Medical therapy for intracerebral hematoma with the gamma-aminobutyric acid-A agonist muscimol.

Abstract

No therapy has been rigorously proven effective for intracerebral hematoma, although surgery is frequently used for some types of lobar hemorrhages. Since intracerebral mass causes significant ischemia in surrounding brain, we reasoned that anti-ischemia therapy might improve outcome after experimental hematoma. We stereotaxically injected varying doses of bacterial collagenase into the caudate nucleus of rats. Four hours later we administered intravenously 2 mg/kg muscimol, a potent agonist of the gamma-aminobutyric acid-A receptor (n = 20); 1 mg/kg MK-801, an antagonist of the N-methyl-D-aspartate receptor (n = 17); or saline (n = 28). Forty-eight hours after collagenase injection we rated each animal using a standard rodent neurological examination. The ratings were compared with the amounts of injected collagenase by the quantal bioassay procedure. Brains were then prepared for histomorphometry and brain volumes estimated.
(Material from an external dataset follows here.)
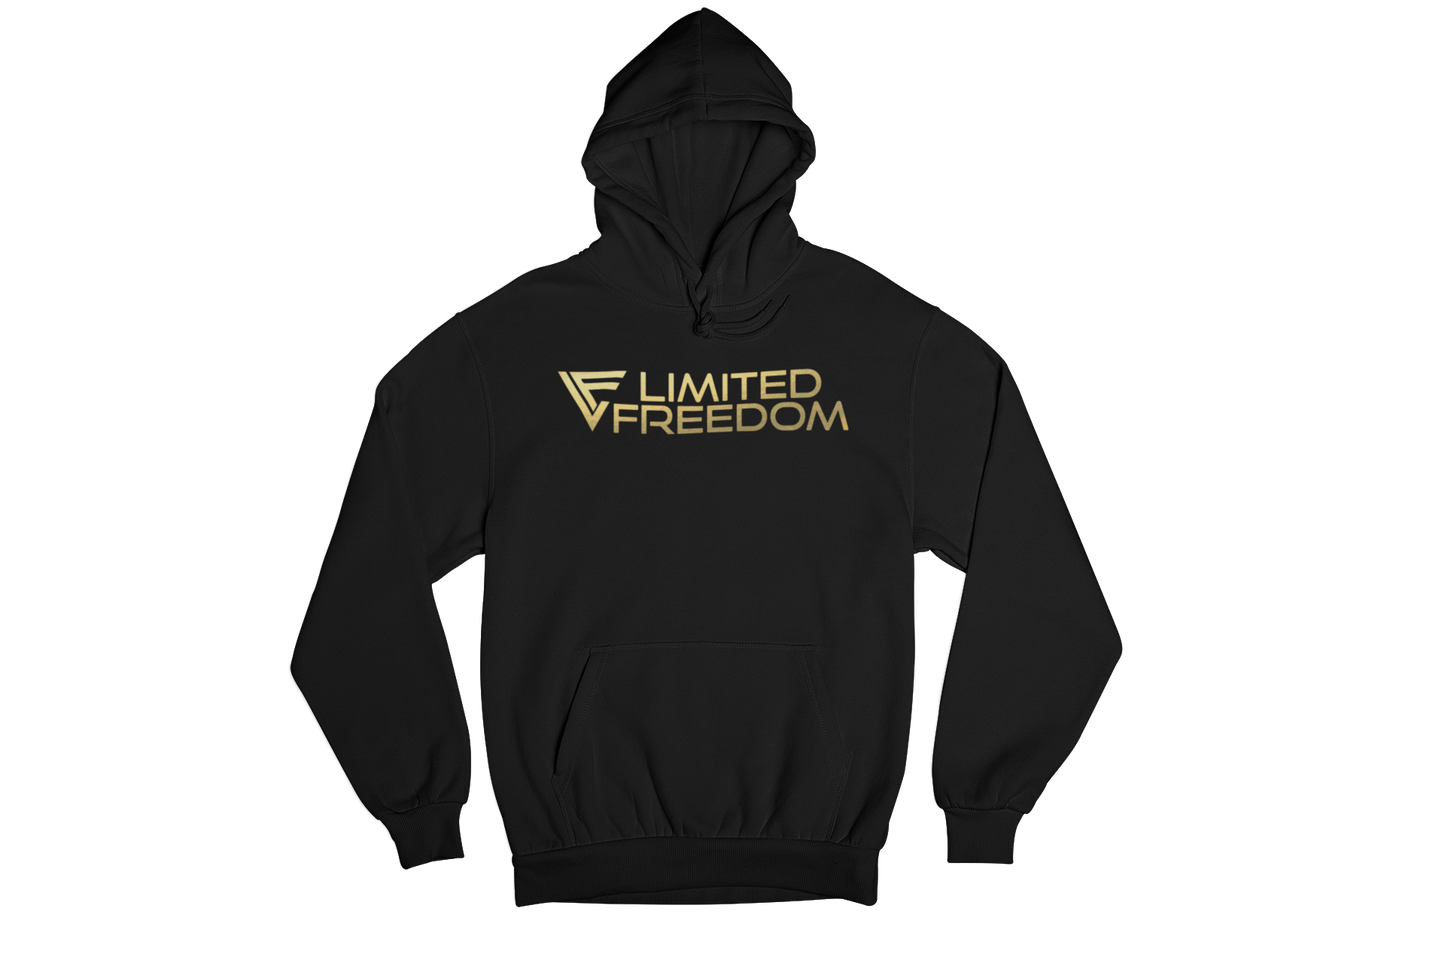 LF Limited Freedom Hooded Sweatshirt Black with Gold

We found that the ED50 for collagenase (amount of enzyme that renders 50% of the subjects abnormal) was 0.77 +/- 0.09 U in saline-treated subjects. Treatment with muscimol significantly increased the ED50 to 1.2 +/- 0.21 U, for a potency ratio of 1.55 +/- 0.34 (t = 1.7, P < .05). MK-801 did not affect outcome. Volume of hematoma was significantly correlated with amount of injected collagenase (n = 33, r = .64, P < .001). Volumes of basal ganglia and white matter were significantly reduced by hemorrhage, and muscimol partially ameliorated this. We conclude that muscimol significantly improves neurological outcome after intracerebral hematoma.